N.C.G.S. § 160A-4 (1994). In Homebuilders Ass’n of Charlotte, Inc. v. City of Charlotte, this Court interpreted N.C.G.S. § 160A-4 as a legislative mandate “that the provisions of chapter 160A and of city charters shall be broadly construed and that grants of power shall be construed to include any additional and supplementary powers that are reasonably necessary or expedient to carry them into execution and effect.” 336 N.C. at 43-44, 442 S.E.2d at 50.

When the General Assembly, in 1989, amended N.C.G.S. § 160A-311 to include “structural and natural stormwater and drainage systems of all types,” it allowed cities to establish and operate stormwater systems as public enterprises. N.C.G.S. § 160A-311(10) (1994); Act of July 15, 1989, ch. 643, sec. 5, 1989 N.C. Sess.

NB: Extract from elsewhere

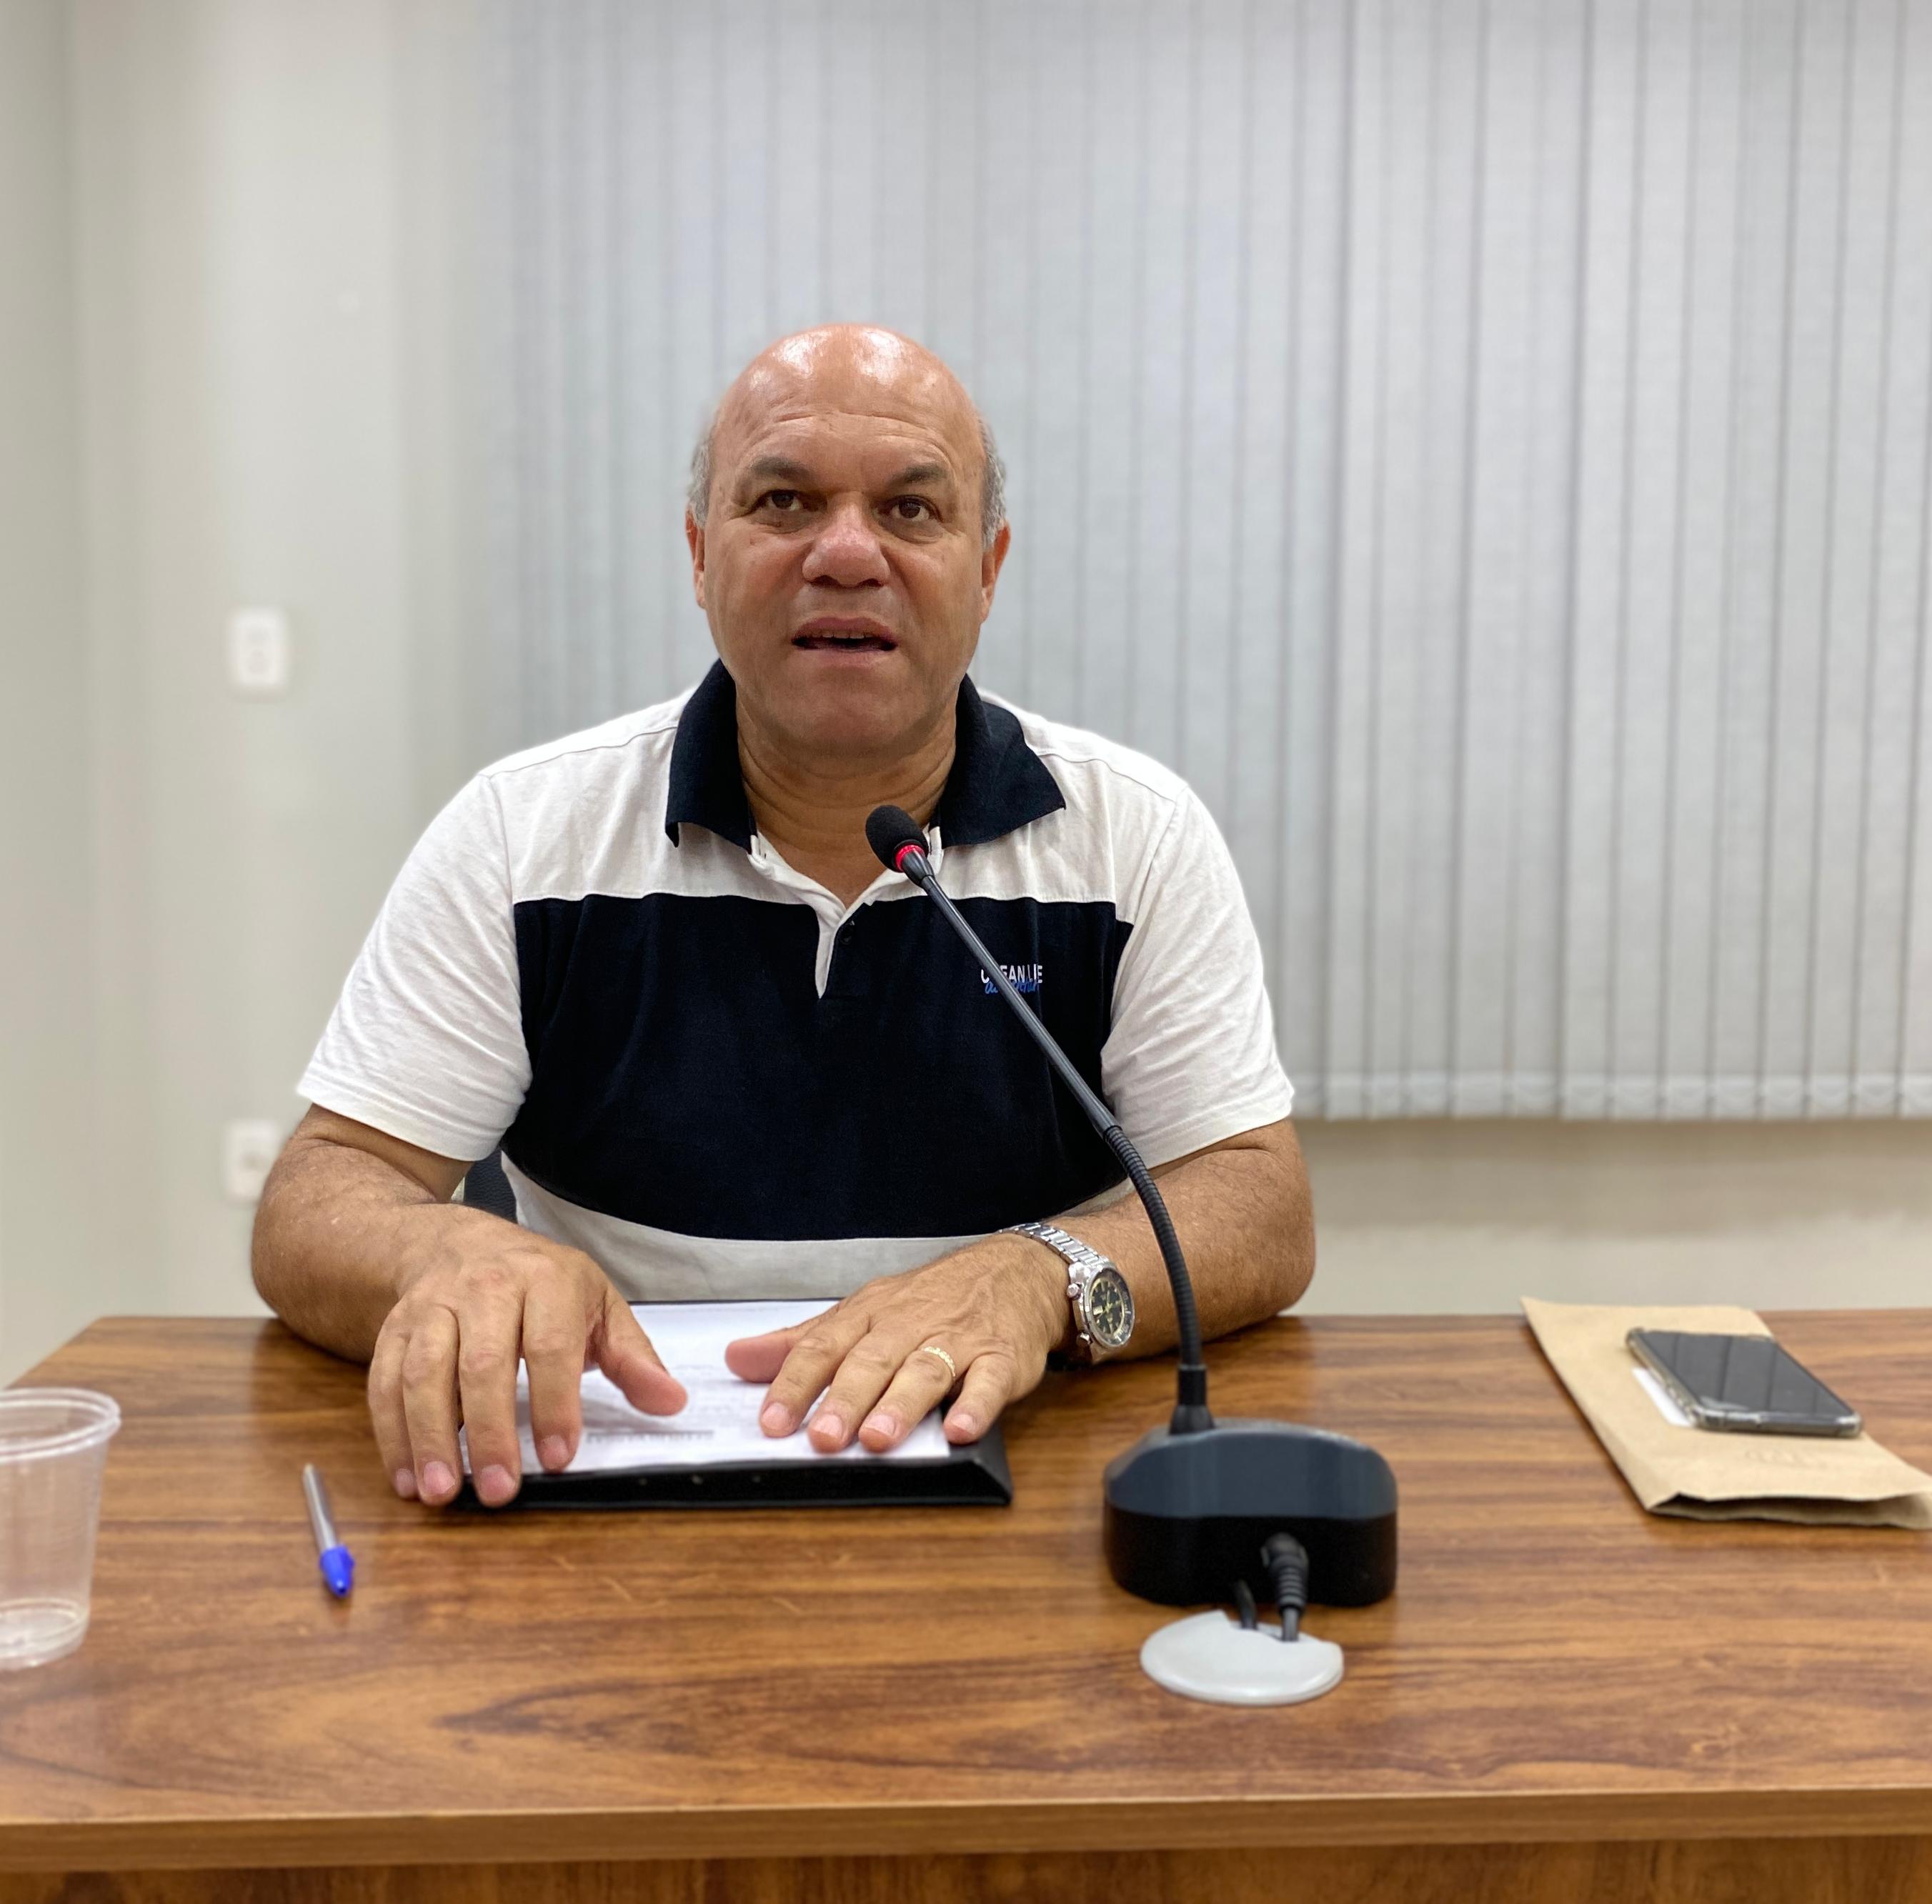 Câmara de Vereadores de Getúlio Vargas aprova pedido de recapeamento asfáltico na Rua Arcibaldo Somenzi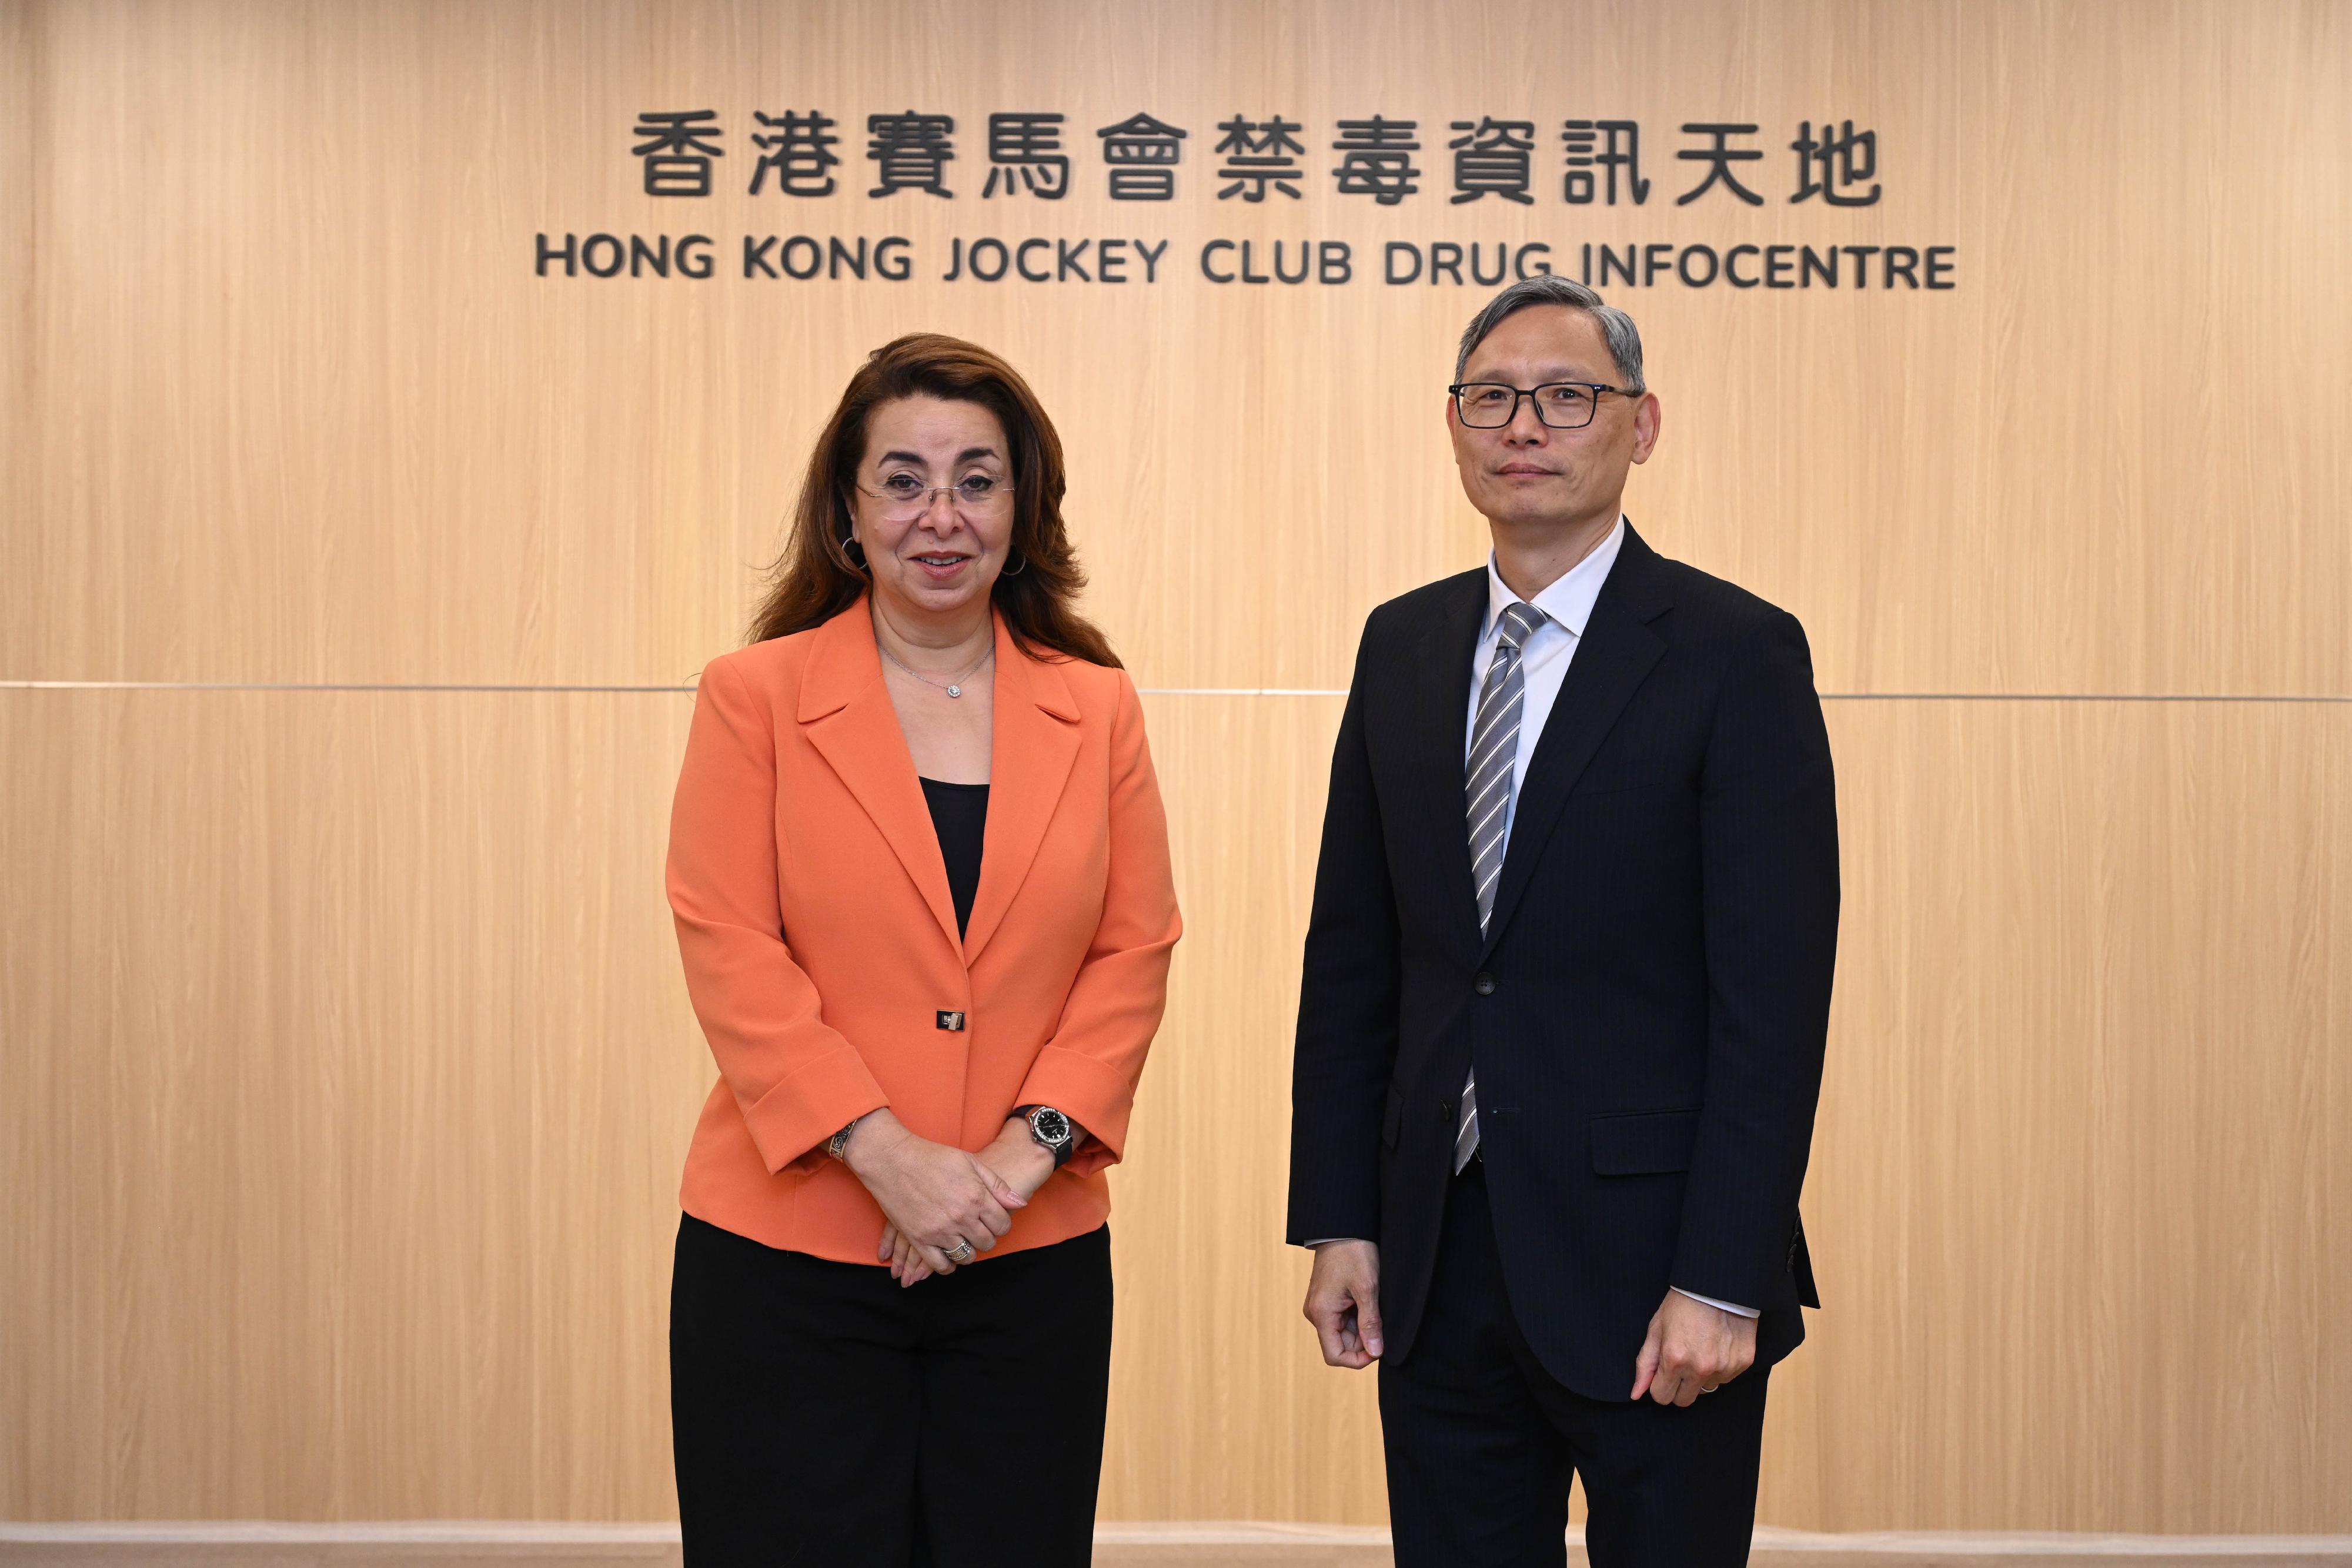 加達•法特希•瓦利執行主任（左）與卓孝業（右）於香港賽馬會禁毒資訊天地合照。

Laws 1763, 1769-70. Municipalities are allowed to “acquire, construct, establish, enlarge, improve, maintain, own, operate, and contract for the operation of any or all of the public enterprises as defined in this Article to furnish services to the city and its citizens.” N.C.G.S. § 160A-312(a) (1994). Further, municipalities are expressly authorized to fix and enforce rates and fees “for the use of or the services furnished by any public enterprise.” N.C.G.S. § 160A-314(a) (Supp. 1998). Specifically, cities may set “rates, fees, charges, and penalties for providing structural and natural stormwater and drainage system service,” so long as the fees imposed do not “exceed *821the city’s cost of providing a stormwater and drainage system.” N.C.G.S. § 160A-314(al). These public enterprise statutes, upon which the City relies as enabling authority for its SWU, are a part of chapter 160A, and as such, they are subject to the rule of broad construction mandated by the General Assembly in N.C.G.S. § 160A-4.

The City adopted its SWU ordinance under the authority granted by the General Assembly in the public enterprise statutes. The City operates a structural and natural stormwater and drainage system that must comply with the mandates of the federal NPDES (National Pollutant Discharge Elimination System) permitting requirements. Compliance with federal NPDES regulations is a duty of the City and of other affected municipalities. Any ambiguity in the meaning of the term “stormwater and drainage system" must be resolved in favor of enabling municipalities to execute the duties imposed upon them by federal law concerning the discharge of stormwater. The City cannot operate a stormwater and drainage system without complying with federal regulations. Certainly, N.C.G.S. § 160A-4 and Homebuilders Ass’n of Charlotte require us to interpret the applicable public enterprise statutes broadly enough to encompass the City’s operation of its SWU and collection of fees under the SWU ordinance as “reasonably necessary or expedient” to its expressly granted powers. I would uphold the City’s SWU ordinance and the fees charged thereunder as a valid exercise of the City’s authority granted by N.C.G.S. §§ 160A-311, -312, and -314.

Chief Justice Mitchell and Justice Parker join in this dissenting opinion.